4 Petitioner tried to initiate a malpractice action against Ms. Miller, but the period of limitations had run out. Petitioner also filed a complaint with the California Board of Accountancy, but no formal action was taken against Ms. Miller. Petitioner filed a claim against Ms. Miller with CAMICO Mutual Insurance Co., Ms. Miller's errors and omissions insurance carrier. The record does not reflect the outcome of the insurance claim.

5 The record establishes that for 1998 petitioner incurred a small addition to tax for failure to pay estimated tax and interest. For 1999 petitioner incurred additions to tax for failure to file under sec. 6651(a)(1), for failure to pay under sec. 6651(a)(2), and for failure to make estimated tax payments under sec. 6654(a).

6 With respect to the trust fund recovery penalties, petitioner alleged that respondent had misapplied three designated trust fund payments dated Dec. 1, 2005, June 12, 2006, and June 29, 2006, in the respective amounts of $6,870, $10,000, and $797. Petitioner had intended that the IRS apply the three payments to satisfy his liability with respect to civil penalties under sec. 6672 for the relevant quarterly periods.
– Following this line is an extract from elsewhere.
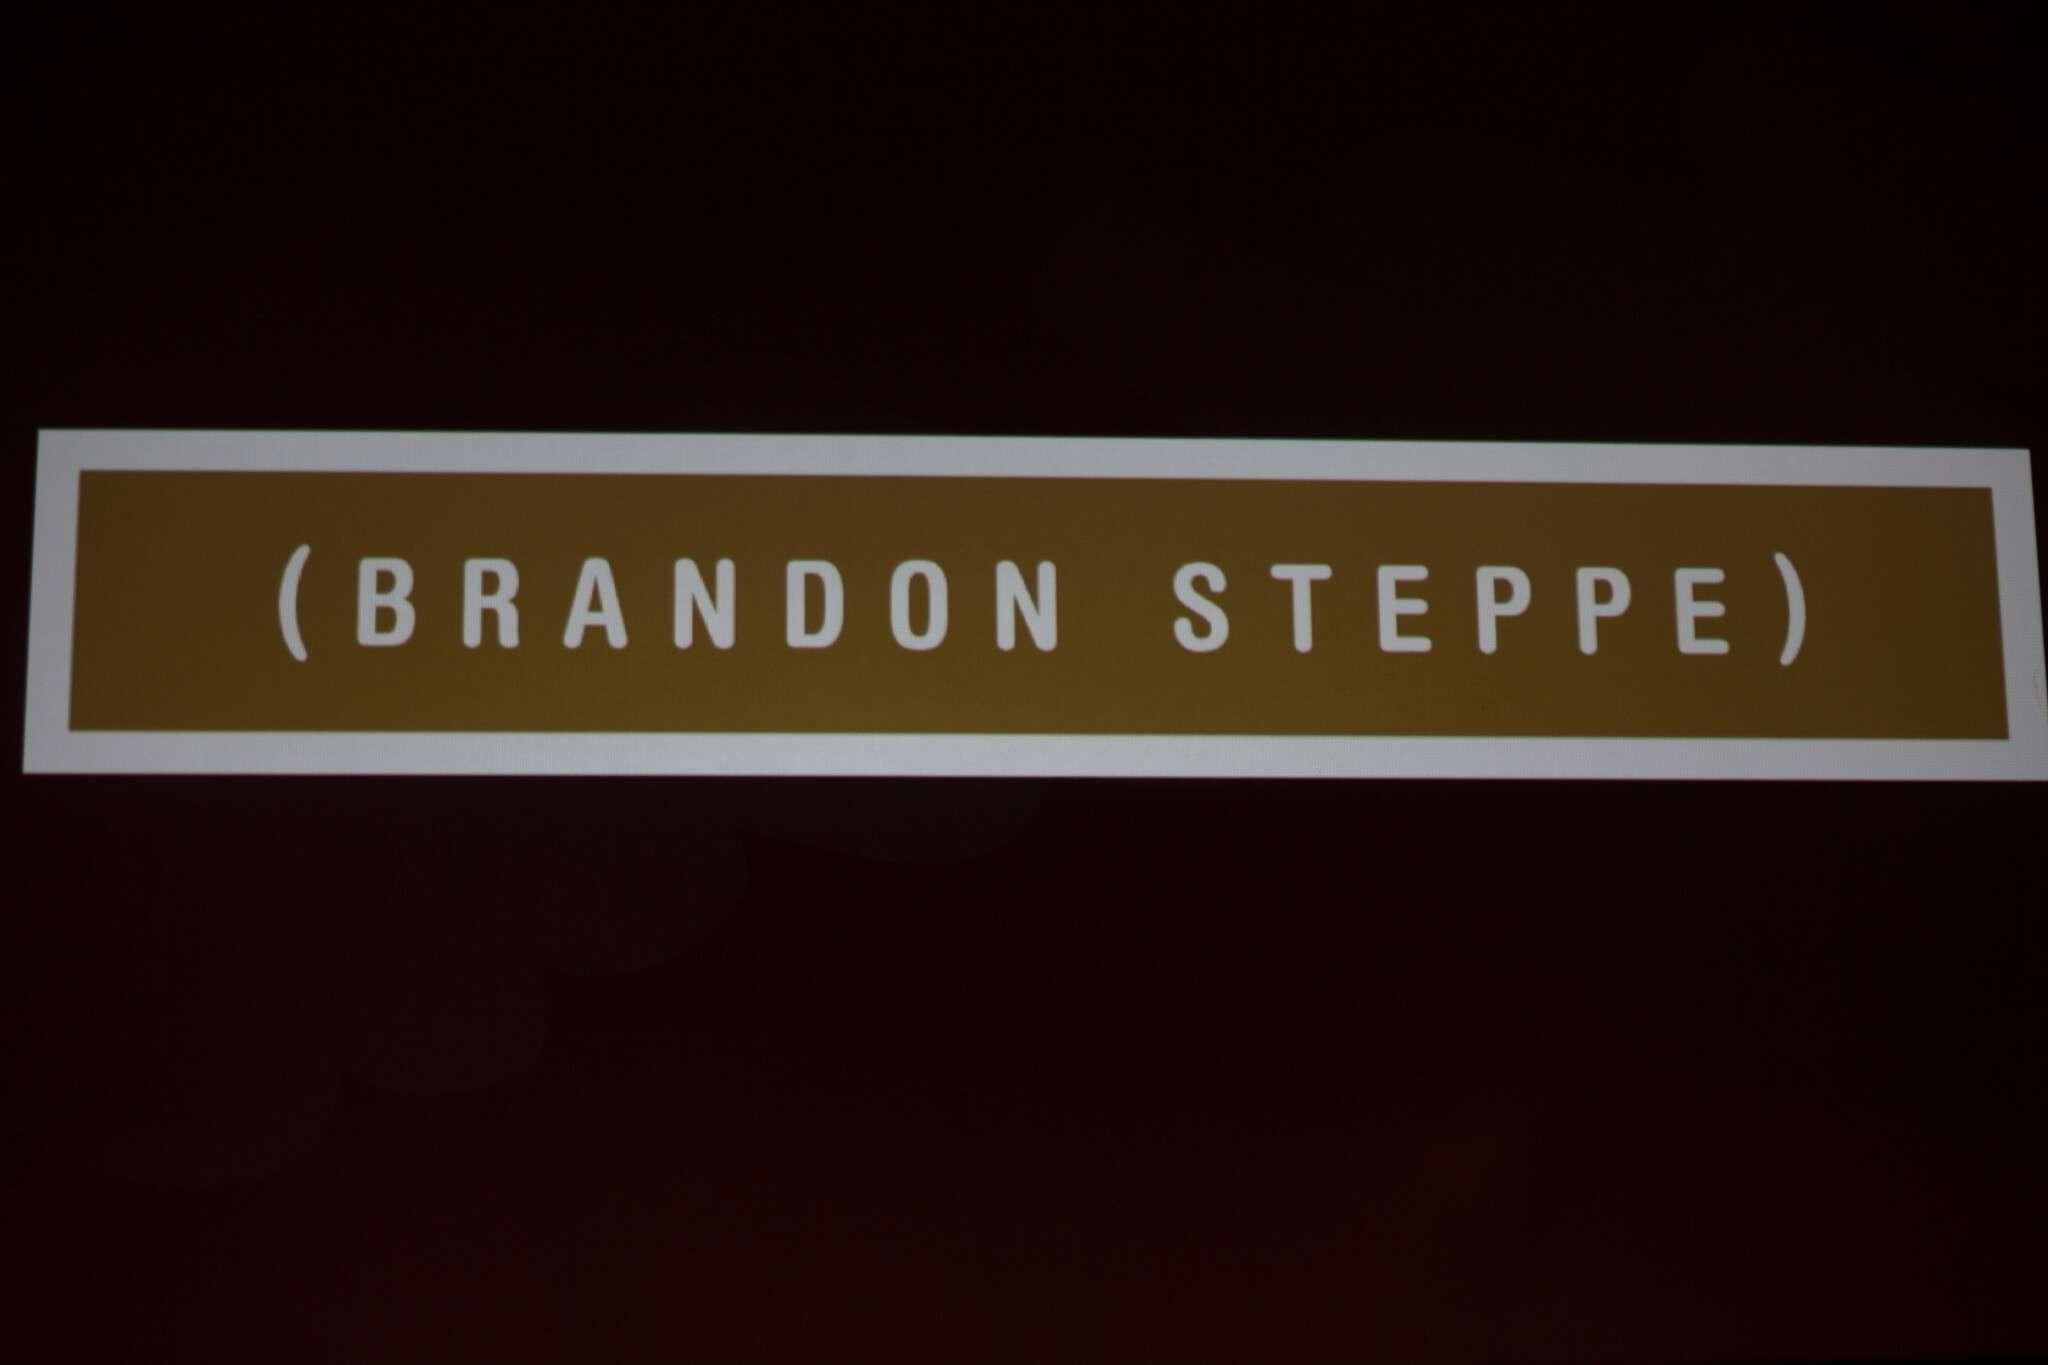 Brandon Steppe

Upon review of petitioner's business checks and other documents, Ms. Cochran determined that respondent had improperly applied $805, $1,330, and $797, respectively, of the three payments.

7 The Form 4340 also contains two entries "Statutory Notice of Intent to Levy" dated May 6, 2002, and Oct. 18, 2004, but the literal transcript of petitioner's tax account for 2000 does not reflect such notices. Respondent does not address the effect of these entries. If such notices were sent, they bear no significance for our purposes.

8 If the notice is delivered by the U.S. Postal Service, the return receipt should be delivered to the I RS. 1 Administration, IRM (CCH), pt. 5.11.1.2.2.8(3), at 16,745 (July 26, 2002).

9 The parties stipulated that petitioner had had a prior opportunity to dispute his trust fund recovery penalty for the relevant quarterly periods.

10 The record does not show that petitioner requested a hearing with respondent's Appeals Office when he received the Nov. 27, 2004, notice of intent to levy.

11 In Lewis v. Commissioner, 128 T.C. 48 (2007), we upheld the validity of sec. 301.6330-1(e)(3), Q&A-E2, Proced. & Admin. Regs. (it mirrors sec. 301.6320-1(e)(3), Q&A-E2, Proced. & Admin. Regs.). However, in Lewis, the taxpayer actually participated in a prior conference with the Appeals Office. In Lewis, we commented as follows in a footnote:

We reserve judgment today on whether an offer for a conference with Appeals is sufficient (and if so, what information would be required to be included in such an offer) to preclude subsequent collection review consideration if the taxpayer declines the offer without participating in such a conference. * * *

Lewis v. Commissioner, supra at 61 n.9; see also Estate of Sblendorio v. Commissioner, T.C. Memo. 2007-94.

12 Petitioner does not argue that respondent's position regarding petitioner's ability to challenge the underlying tax liability for 2000 is impeached by Ms. Cochran's consideration of the abatement request during the hearing. The parties' stipulation of settled issues stating that Ms. Cochran "correctly determined that petitioner was entitled to abatement of the penalty for failure to file" under sec. 6651(a)(1) with respect to his 2000 Federal income tax liability bears no relevance to our conclusion that the additions to tax were not properly at issue at the July 26, 2006, hearing with the Appeals Office.

13 Petitioner relies on Lykes v. Commissioner, T.C. Memo. 2004-159, to suggest that because the underlying liability is at issue, the Court must review respondent's determination de novo. Petitioner's reliance on Lykes is misplaced because unlike petitioner, the taxpayer in Lykes had no prior opportunity to dispute the additions to tax, and therefore the validity of the additions to tax was properly at issue before the Court.